Restaurant review: Lord Stones Country Park, Carlton Bank, Chop Gate, North Yorkshire

To get there may be a challenge, but Jill Turton finds Lord Stones Country Park is well worth the hike.
A main course of North Sea fishermans pie  with brown shrimp butter, parsley mash and seasonal greensA main course of North Sea fishermans pie  with brown shrimp butter, parsley mash and seasonal greens
A main course of North Sea fishermans pie with brown shrimp butter, parsley mash and seasonal greens

Restaurant magazine once named the Fox and Hounds at Goldsborough, north of Whitby, as the worst located restaurant in Britain. While they serve some of the best food in Yorkshire, nay in the country, you’d never find them unless you knew, tucked away on a clifftop in a tiny hamlet, two miles from the main road.

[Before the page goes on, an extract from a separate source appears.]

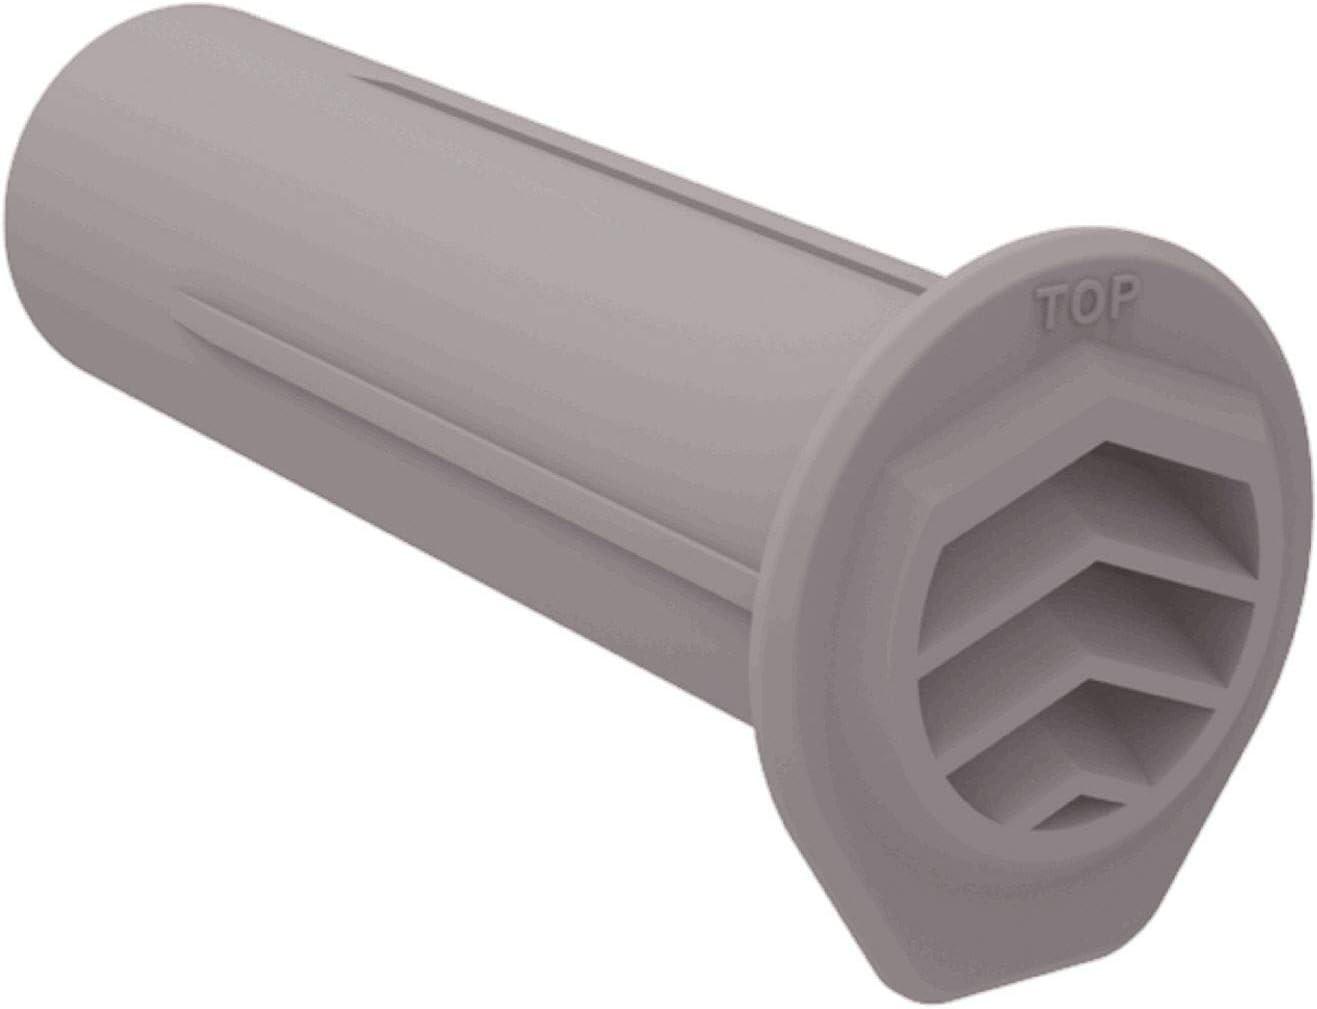 Cavity Wall Round Drill Weep Vents Refurbishment Damp Render /& Brick Walls
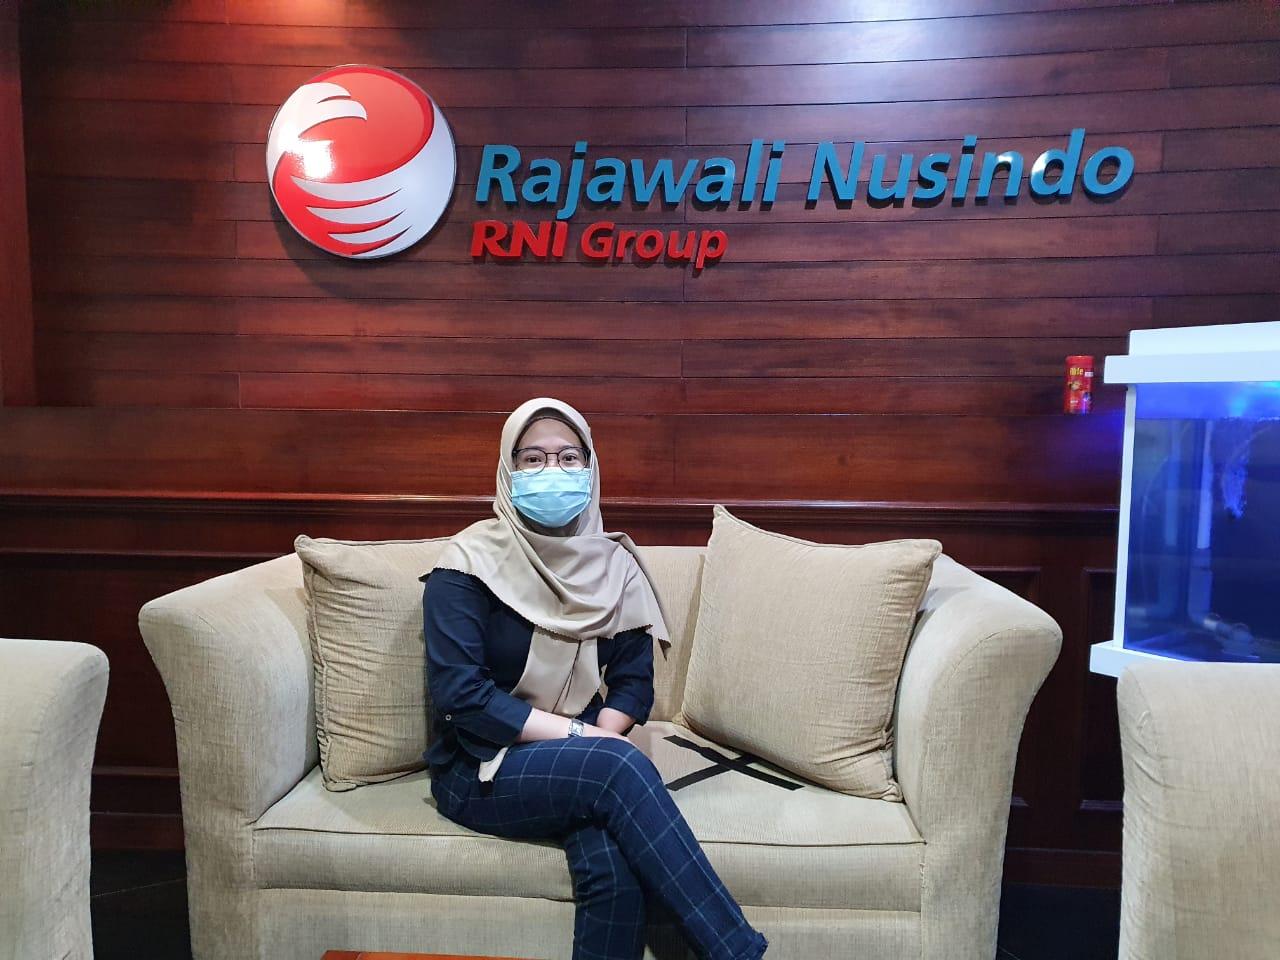 Rajawali Nusindo Tunjukkan Komitmen dengan Rangkul Tenaga Kerja Difabel

The newly restored Lord Stones café and restaurant could be next in line for the title. It’s an equally remote and potty location for a restaurant, up a winding road that climbs for two miles from well- heeled Carlton in Cleveland, to Carlton Bank on the western edge of the North York Moors, but when you’re up there, the views are magnificent. You can see Roseberry Topping and 12 miles beyond, with all of Teesside, spectacular in its own way, spread out before you.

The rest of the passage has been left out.